A new sector in the form of Telecommunication Services is expected to come up as part of the annual updates of Global Industry Classification Standard (GICS) on September 28th. Following which there is expected to be some major changes in US markets. Especially, the tech companies are about to undergo a major reshuffling in the stock market.
The telecommunications services sector is going to be a combination of tech, media, and telecom companies and as a result of which some of the most popular stocks will be involved in it and will undergo a significant amount of changes. As part of the process, the old telecom sector will be ditched and will be replaced with the new sector. As per Wells Fargo, the communication services sector will be the largest sector of S&P 500 with a weight of about 10%.
The telecommunication services sector will involve some big names, the classification of around 26 consumer discretionary or information technology stocks will change. It will also include some big names in the telecom space like Verizon Communications and AT&T, tech companies like Facebook and Google’s parent Alphabet and media and entertainment companies like Netflix and Comcast. It is only the second sector addition in the history since 1999 and will have the biggest impact on the sector structure in GICS history.
Reclassification for ETF's:
The exchange-traded funds that track S&P 500 sectors will be much affected and will have to overhaul some major changes to adjust as per the new classification such that it gives a true reflection of the index. Some of the big fund houses have already started making changes much ahead of its implementation.
How will it impact individual investors and institutional investors?
Big institutional investors dealing with S&P 500 sectors also have to undergo a reshuffle in its holdings and weight so as to reflect the true changes of the index. The individual investors also have to reshuffle the composition and weight of stocks in one’s portfolio as per the risk-return appetite of the investors. Conducting due diligence will be important for the investors will be beneficial as it will ensure the approach and investing methodology is well prepared for the coming change.
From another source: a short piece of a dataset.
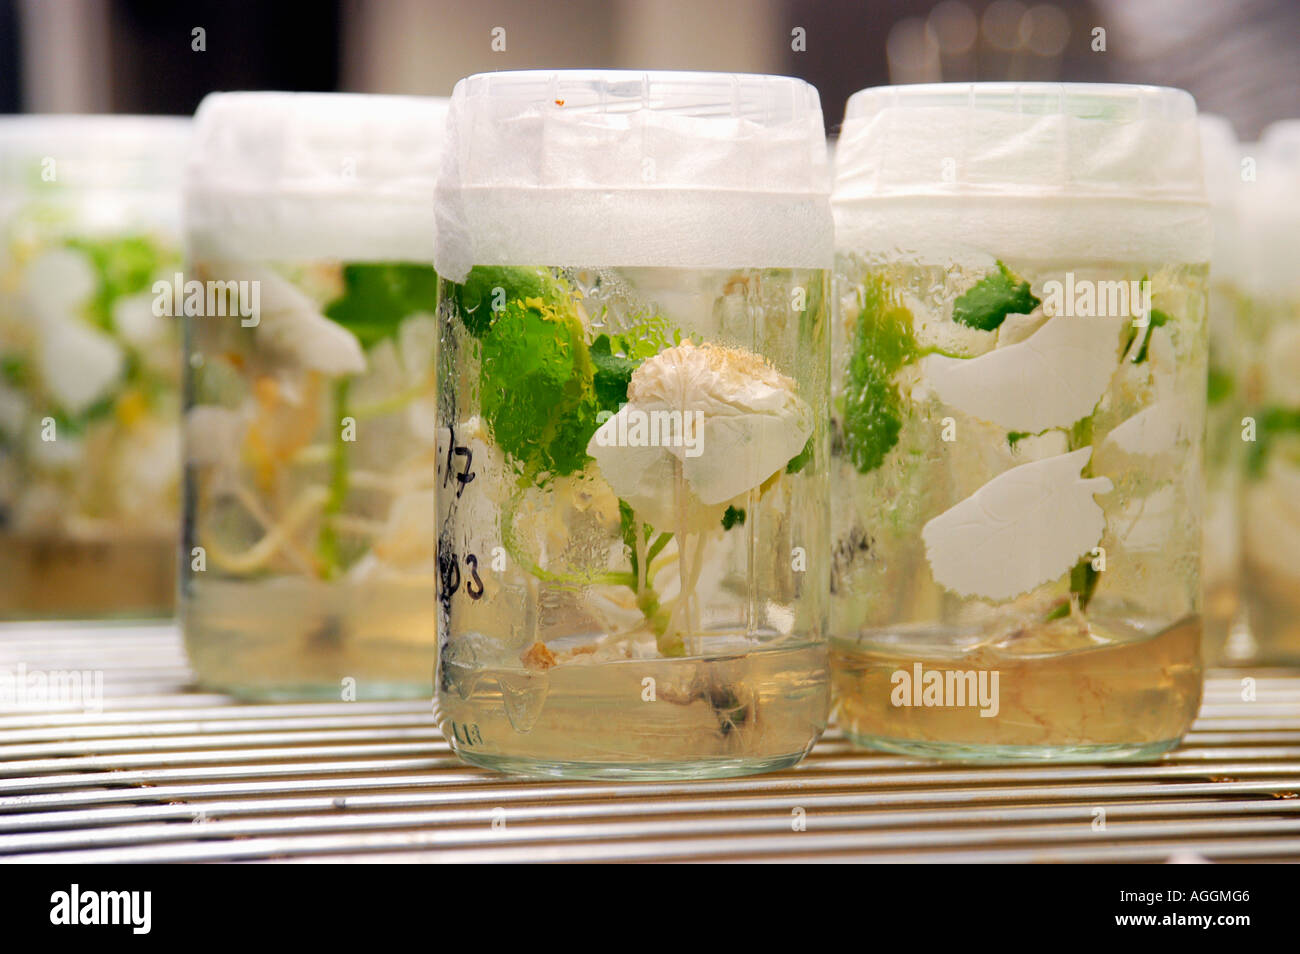 Campioni contenenti organismi geneticamente modificati / engineered germogli di piante in laboratorio, Svezia Foto Stock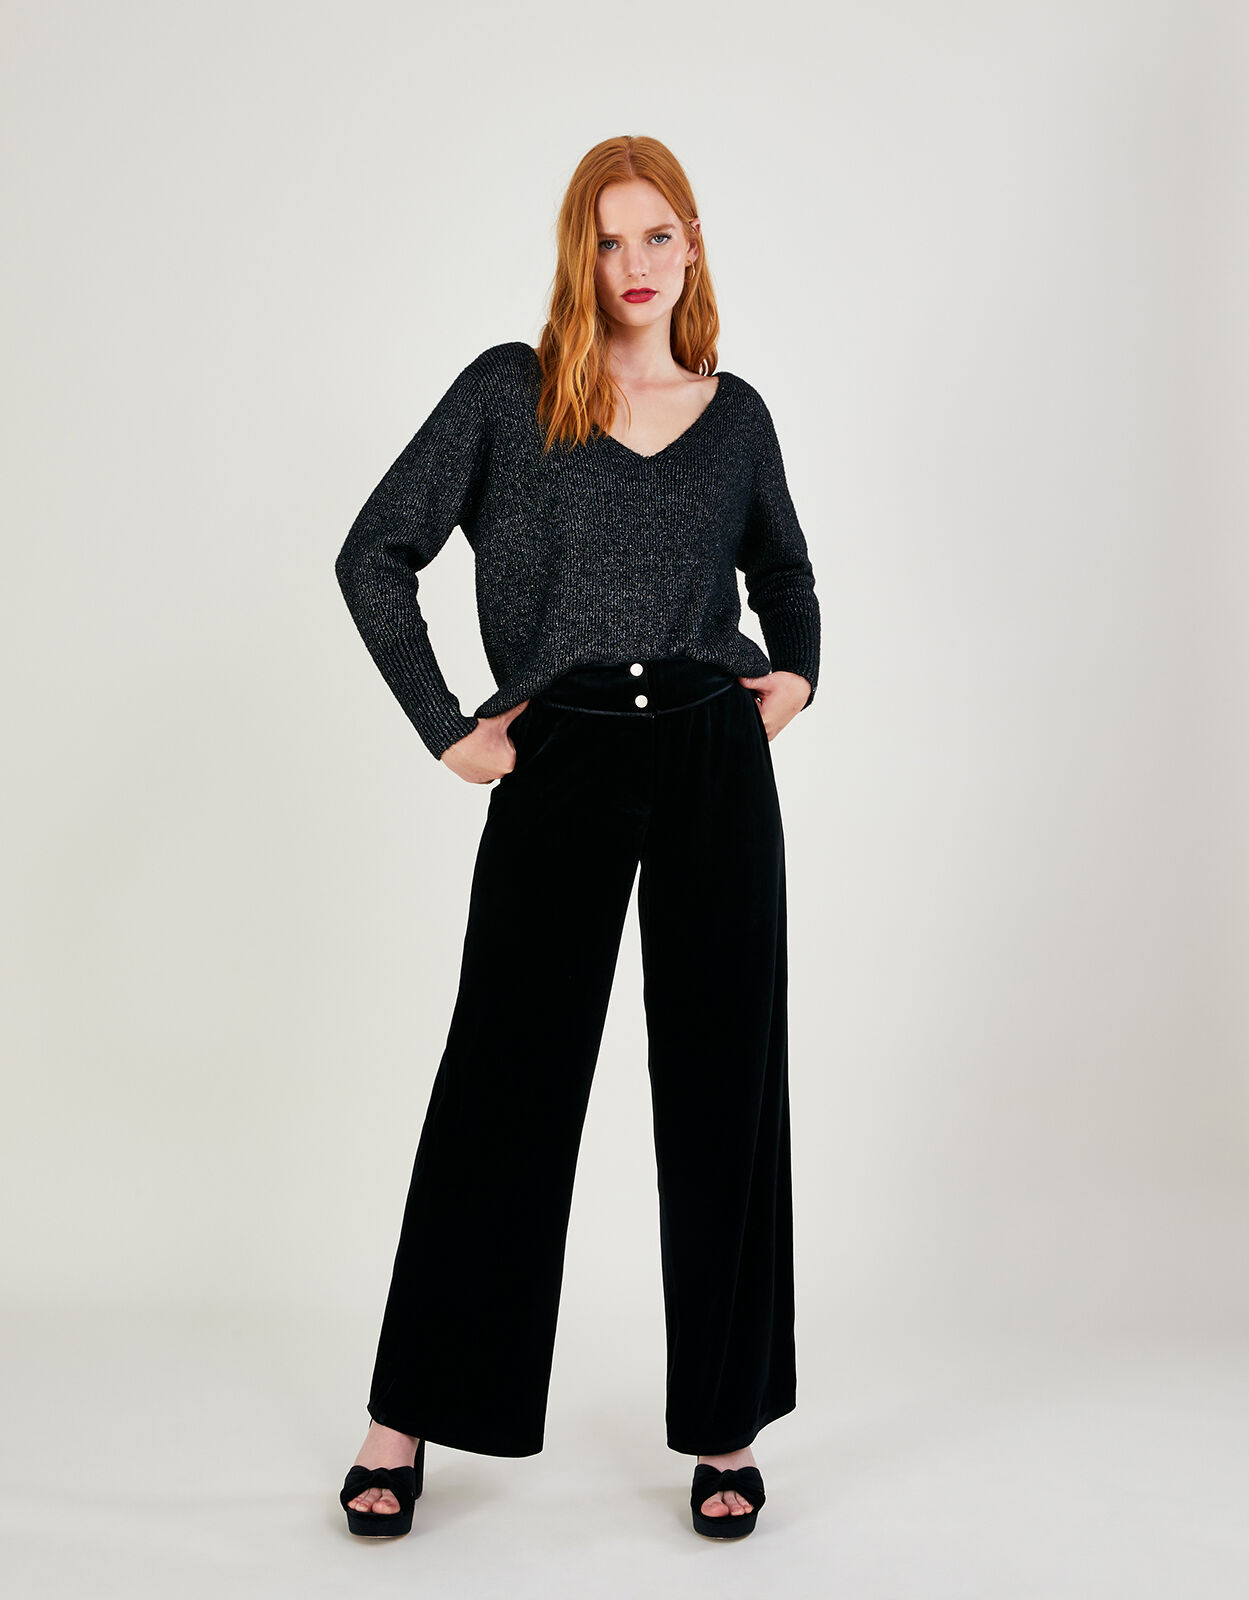 Pants Velvet Fashion Design | Velvet Trousers Design | Runway Trousers  Women Black - 22 - Aliexpress

More leg space for growth-oriented stocks:
The making of the communication services sector will ensure to add more growth-oriented stocks in its kitty for the investors focusing on sector-specific stocks. With the inclusion of Consumer Discretionary and Information Technology stocks under its umbrella it will provide the much-needed growth in this space. As per current market, condition positioning oneself in the growth-oriented sectors of the economy will help to bolster one’s portfolio in the never-ending bull market.
No Pain No Gain:
The telecommunication services sector was brought up to address some of the major pain points for the investors and more so for the sector-specific investors. The current telecom sectors had been under the lens for quite some time now concerning using it as a bond proxy, too much of dividend-paying stocks to name a few. Rest assured but the new communication services sector will be more sensitive and focused on the broader equity markets rather than the US 10 year Treasury Yield like the current telecom sector. It will also tend to be more cyclical than the current telecom sector that is in place.